# Exercise
Please transcribe every record below exactly as written.

# The data
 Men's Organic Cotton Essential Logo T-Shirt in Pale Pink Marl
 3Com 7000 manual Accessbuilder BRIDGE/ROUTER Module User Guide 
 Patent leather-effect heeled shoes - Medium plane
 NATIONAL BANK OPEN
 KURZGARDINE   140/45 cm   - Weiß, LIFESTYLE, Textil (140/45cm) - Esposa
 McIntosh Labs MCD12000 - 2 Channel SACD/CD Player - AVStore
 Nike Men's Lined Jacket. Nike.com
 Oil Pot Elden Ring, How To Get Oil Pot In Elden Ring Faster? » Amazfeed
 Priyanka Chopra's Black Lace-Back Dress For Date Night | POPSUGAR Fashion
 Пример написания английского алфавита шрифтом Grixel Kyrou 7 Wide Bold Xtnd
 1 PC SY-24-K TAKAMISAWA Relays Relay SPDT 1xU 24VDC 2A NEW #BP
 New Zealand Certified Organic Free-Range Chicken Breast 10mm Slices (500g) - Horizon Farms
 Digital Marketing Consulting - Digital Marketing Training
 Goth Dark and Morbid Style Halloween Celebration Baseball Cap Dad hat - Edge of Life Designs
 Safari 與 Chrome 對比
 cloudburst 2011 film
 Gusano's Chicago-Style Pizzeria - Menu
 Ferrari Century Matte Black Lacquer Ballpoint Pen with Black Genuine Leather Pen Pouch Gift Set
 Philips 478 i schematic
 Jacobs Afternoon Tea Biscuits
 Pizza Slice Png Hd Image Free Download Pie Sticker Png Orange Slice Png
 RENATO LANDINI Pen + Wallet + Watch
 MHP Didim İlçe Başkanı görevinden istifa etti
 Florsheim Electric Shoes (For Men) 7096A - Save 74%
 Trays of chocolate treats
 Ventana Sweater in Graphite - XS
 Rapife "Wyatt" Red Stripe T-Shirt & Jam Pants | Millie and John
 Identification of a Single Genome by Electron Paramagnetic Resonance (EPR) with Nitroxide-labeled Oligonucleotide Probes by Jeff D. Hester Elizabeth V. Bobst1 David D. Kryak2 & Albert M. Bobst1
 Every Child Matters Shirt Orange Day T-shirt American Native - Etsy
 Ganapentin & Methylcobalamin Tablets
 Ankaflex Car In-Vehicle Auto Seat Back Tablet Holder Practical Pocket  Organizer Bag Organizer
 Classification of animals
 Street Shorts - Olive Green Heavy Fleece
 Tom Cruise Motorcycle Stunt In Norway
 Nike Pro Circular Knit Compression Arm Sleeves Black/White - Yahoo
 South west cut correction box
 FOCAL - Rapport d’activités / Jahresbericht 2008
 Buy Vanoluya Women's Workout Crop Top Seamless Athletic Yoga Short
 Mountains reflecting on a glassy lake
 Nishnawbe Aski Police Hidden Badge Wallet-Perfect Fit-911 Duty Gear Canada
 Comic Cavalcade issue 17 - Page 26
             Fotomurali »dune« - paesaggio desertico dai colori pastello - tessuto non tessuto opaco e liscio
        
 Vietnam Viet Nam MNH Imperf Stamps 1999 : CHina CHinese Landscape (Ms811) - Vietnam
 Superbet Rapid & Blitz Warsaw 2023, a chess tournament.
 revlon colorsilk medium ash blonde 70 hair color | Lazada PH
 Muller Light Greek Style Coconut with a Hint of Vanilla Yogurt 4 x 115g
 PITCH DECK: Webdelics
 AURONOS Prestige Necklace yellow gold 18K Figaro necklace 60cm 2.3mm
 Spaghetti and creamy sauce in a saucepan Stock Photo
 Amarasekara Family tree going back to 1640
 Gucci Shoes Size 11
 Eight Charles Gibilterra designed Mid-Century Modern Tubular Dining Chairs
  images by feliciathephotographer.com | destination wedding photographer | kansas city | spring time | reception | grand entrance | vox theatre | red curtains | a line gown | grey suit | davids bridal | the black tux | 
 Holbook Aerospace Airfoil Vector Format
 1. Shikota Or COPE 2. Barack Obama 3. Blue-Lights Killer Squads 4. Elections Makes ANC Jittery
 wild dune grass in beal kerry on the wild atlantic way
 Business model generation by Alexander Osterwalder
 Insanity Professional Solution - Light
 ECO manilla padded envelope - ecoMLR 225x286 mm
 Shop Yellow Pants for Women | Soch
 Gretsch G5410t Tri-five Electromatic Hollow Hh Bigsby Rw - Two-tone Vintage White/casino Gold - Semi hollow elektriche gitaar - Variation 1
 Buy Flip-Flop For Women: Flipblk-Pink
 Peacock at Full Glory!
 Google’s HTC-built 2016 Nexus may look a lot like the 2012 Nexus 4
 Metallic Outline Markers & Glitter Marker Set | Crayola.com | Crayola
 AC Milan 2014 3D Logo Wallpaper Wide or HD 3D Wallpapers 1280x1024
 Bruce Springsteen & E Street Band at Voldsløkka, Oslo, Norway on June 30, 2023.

# Output for this task
 Men's Organic Cotton Essential Logo T-Shirt in Pale Pink Marl
 3Com 7000 manual Accessbuilder BRIDGE/ROUTER Module User Guide 
 Patent leather-effect heeled shoes - Medium plane
 NATIONAL BANK OPEN
 KURZGARDINE   140/45 cm   - Weiß, LIFESTYLE, Textil (140/45cm) - Esposa
 McIntosh Labs MCD12000 - 2 Channel SACD/CD Player - AVStore
 Nike Men's Lined Jacket. Nike.com
 Oil Pot Elden Ring, How To Get Oil Pot In Elden Ring Faster? » Amazfeed
 Priyanka Chopra's Black Lace-Back Dress For Date Night | POPSUGAR Fashion
 Пример написания английского алфавита шрифтом Grixel Kyrou 7 Wide Bold Xtnd
 1 PC SY-24-K TAKAMISAWA Relays Relay SPDT 1xU 24VDC 2A NEW #BP
 New Zealand Certified Organic Free-Range Chicken Breast 10mm Slices (500g) - Horizon Farms
 Digital Marketing Consulting - Digital Marketing Training
 Goth Dark and Morbid Style Halloween Celebration Baseball Cap Dad hat - Edge of Life Designs
 Safari 與 Chrome 對比
 cloudburst 2011 film
 Gusano's Chicago-Style Pizzeria - Menu
 Ferrari Century Matte Black Lacquer Ballpoint Pen with Black Genuine Leather Pen Pouch Gift Set
 Philips 478 i schematic
 Jacobs Afternoon Tea Biscuits
 Pizza Slice Png Hd Image Free Download Pie Sticker Png Orange Slice Png
 RENATO LANDINI Pen + Wallet + Watch
 MHP Didim İlçe Başkanı görevinden istifa etti
 Florsheim Electric Shoes (For Men) 7096A - Save 74%
 Trays of chocolate treats
 Ventana Sweater in Graphite - XS
 Rapife "Wyatt" Red Stripe T-Shirt & Jam Pants | Millie and John
 Identification of a Single Genome by Electron Paramagnetic Resonance (EPR) with Nitroxide-labeled Oligonucleotide Probes by Jeff D. Hester Elizabeth V. Bobst1 David D. Kryak2 & Albert M. Bobst1
 Every Child Matters Shirt Orange Day T-shirt American Native - Etsy
 Ganapentin & Methylcobalamin Tablets
 Ankaflex Car In-Vehicle Auto Seat Back Tablet Holder Practical Pocket  Organizer Bag Organizer
 Classification of animals
 Street Shorts - Olive Green Heavy Fleece
 Tom Cruise Motorcycle Stunt In Norway
 Nike Pro Circular Knit Compression Arm Sleeves Black/White - Yahoo
 South west cut correction box
 FOCAL - Rapport d’activités / Jahresbericht 2008
 Buy Vanoluya Women's Workout Crop Top Seamless Athletic Yoga Short
 Mountains reflecting on a glassy lake
 Nishnawbe Aski Police Hidden Badge Wallet-Perfect Fit-911 Duty Gear Canada
 Comic Cavalcade issue 17 - Page 26
             Fotomurali »dune« - paesaggio desertico dai colori pastello - tessuto non tessuto opaco e liscio
        
 Vietnam Viet Nam MNH Imperf Stamps 1999 : CHina CHinese Landscape (Ms811) - Vietnam
 Superbet Rapid & Blitz Warsaw 2023, a chess tournament.
 revlon colorsilk medium ash blonde 70 hair color | Lazada PH
 Muller Light Greek Style Coconut with a Hint of Vanilla Yogurt 4 x 115g
 PITCH DECK: Webdelics
 AURONOS Prestige Necklace yellow gold 18K Figaro necklace 60cm 2.3mm
 Spaghetti and creamy sauce in a saucepan Stock Photo
 Amarasekara Family tree going back to 1640
 Gucci Shoes Size 11
 Eight Charles Gibilterra designed Mid-Century Modern Tubular Dining Chairs
  images by feliciathephotographer.com | destination wedding photographer | kansas city | spring time | reception | grand entrance | vox theatre | red curtains | a line gown | grey suit | davids bridal | the black tux | 
 Holbook Aerospace Airfoil Vector Format
 1. Shikota Or COPE 2. Barack Obama 3. Blue-Lights Killer Squads 4. Elections Makes ANC Jittery
 wild dune grass in beal kerry on the wild atlantic way
 Business model generation by Alexander Osterwalder
 Insanity Professional Solution - Light
 ECO manilla padded envelope - ecoMLR 225x286 mm
 Shop Yellow Pants for Women | Soch
 Gretsch G5410t Tri-five Electromatic Hollow Hh Bigsby Rw - Two-tone Vintage White/casino Gold - Semi hollow elektriche gitaar - Variation 1
 Buy Flip-Flop For Women: Flipblk-Pink
 Peacock at Full Glory!
 Google’s HTC-built 2016 Nexus may look a lot like the 2012 Nexus 4
 Metallic Outline Markers & Glitter Marker Set | Crayola.com | Crayola
 AC Milan 2014 3D Logo Wallpaper Wide or HD 3D Wallpapers 1280x1024
 Bruce Springsteen & E Street Band at Voldsløkka, Oslo, Norway on June 30, 2023.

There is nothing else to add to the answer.